Creating /storage/data/mysqlcluster_mgm/ and /etc// for management server on 10.48.98.35
10.48.98.35: Executing 'mkdir -p /etc//' [ok]
10.48.98.35: Executing 'mkdir -p /storage/data/mysqlcluster_mgm/' [ok]
10.48.98.35: Starting management server (nodeid=1)
10.48.98.35: Copying '../config/config.ini' [ok]
10.48.98.35: Executing 'sync' [ok]
10.48.98.35: Executing 'mv /tmp/config.ini /etc//config.ini' [ok]
10.48.98.35: Executing 'sync' [ok]
10.48.98.35: Checking if '/etc//config.ini' exists [ok]
10.48.98.35: Checking if '/usr/sbin//ndb_mgmd' exists [ok]
10.48.98.35: Executing 'rm -rf /etc//ndb_*bin*'[ok]
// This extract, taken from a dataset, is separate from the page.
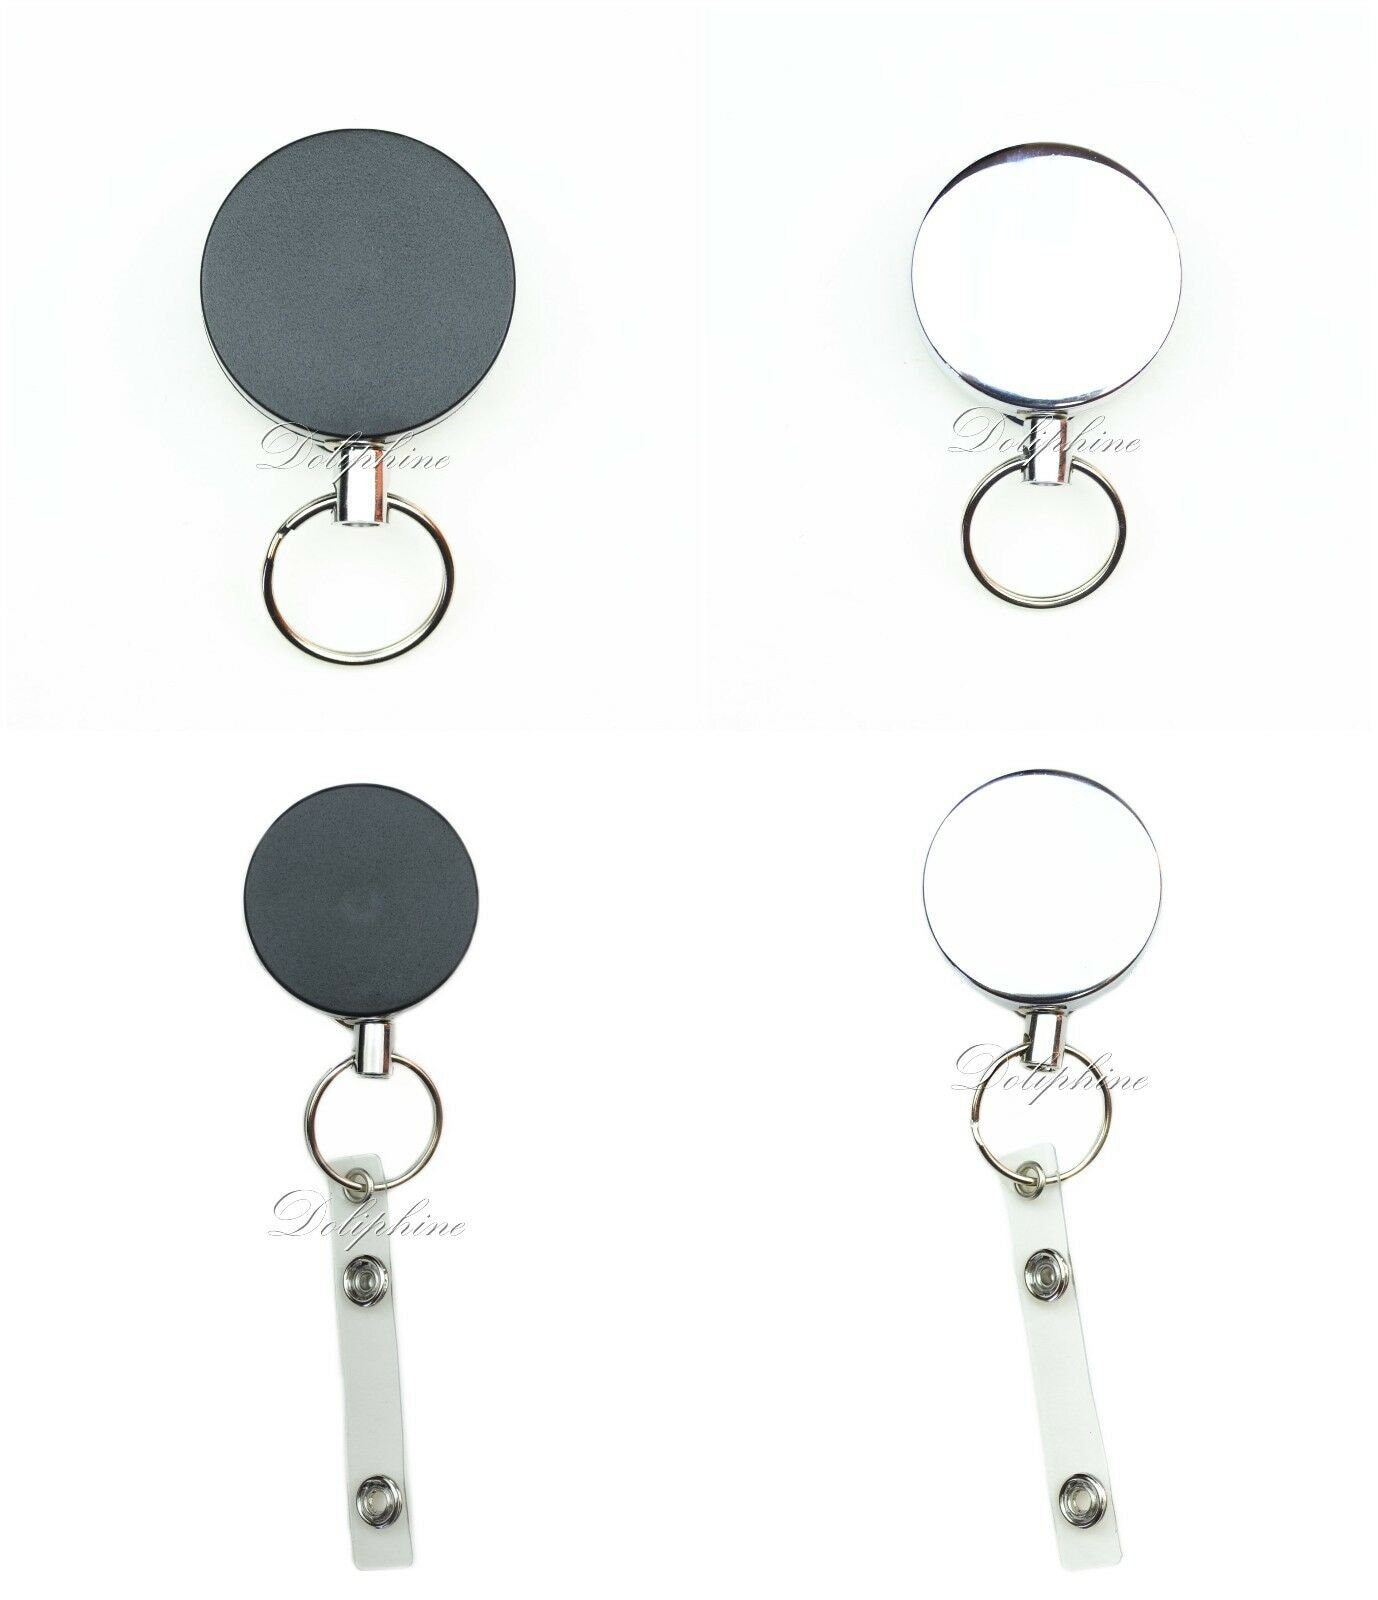 Heavy Duty 1.5 inch Diameter Metal Retractable Badge Reel Holder with Steel Cord Belt Clip and Key Ring (Silver, Black)

10.48.98.35: Executing '/usr/sbin//ndb_mgmd --ndb-nodeid=1 -c "10.48.98.35:1186" -f /etc//config.ini --configdir=/etc// --reload --initial' [ok]
10.48.98.35: Checking pid existance of 'ndb_mgmd' (timeout=30): ...............................[failed]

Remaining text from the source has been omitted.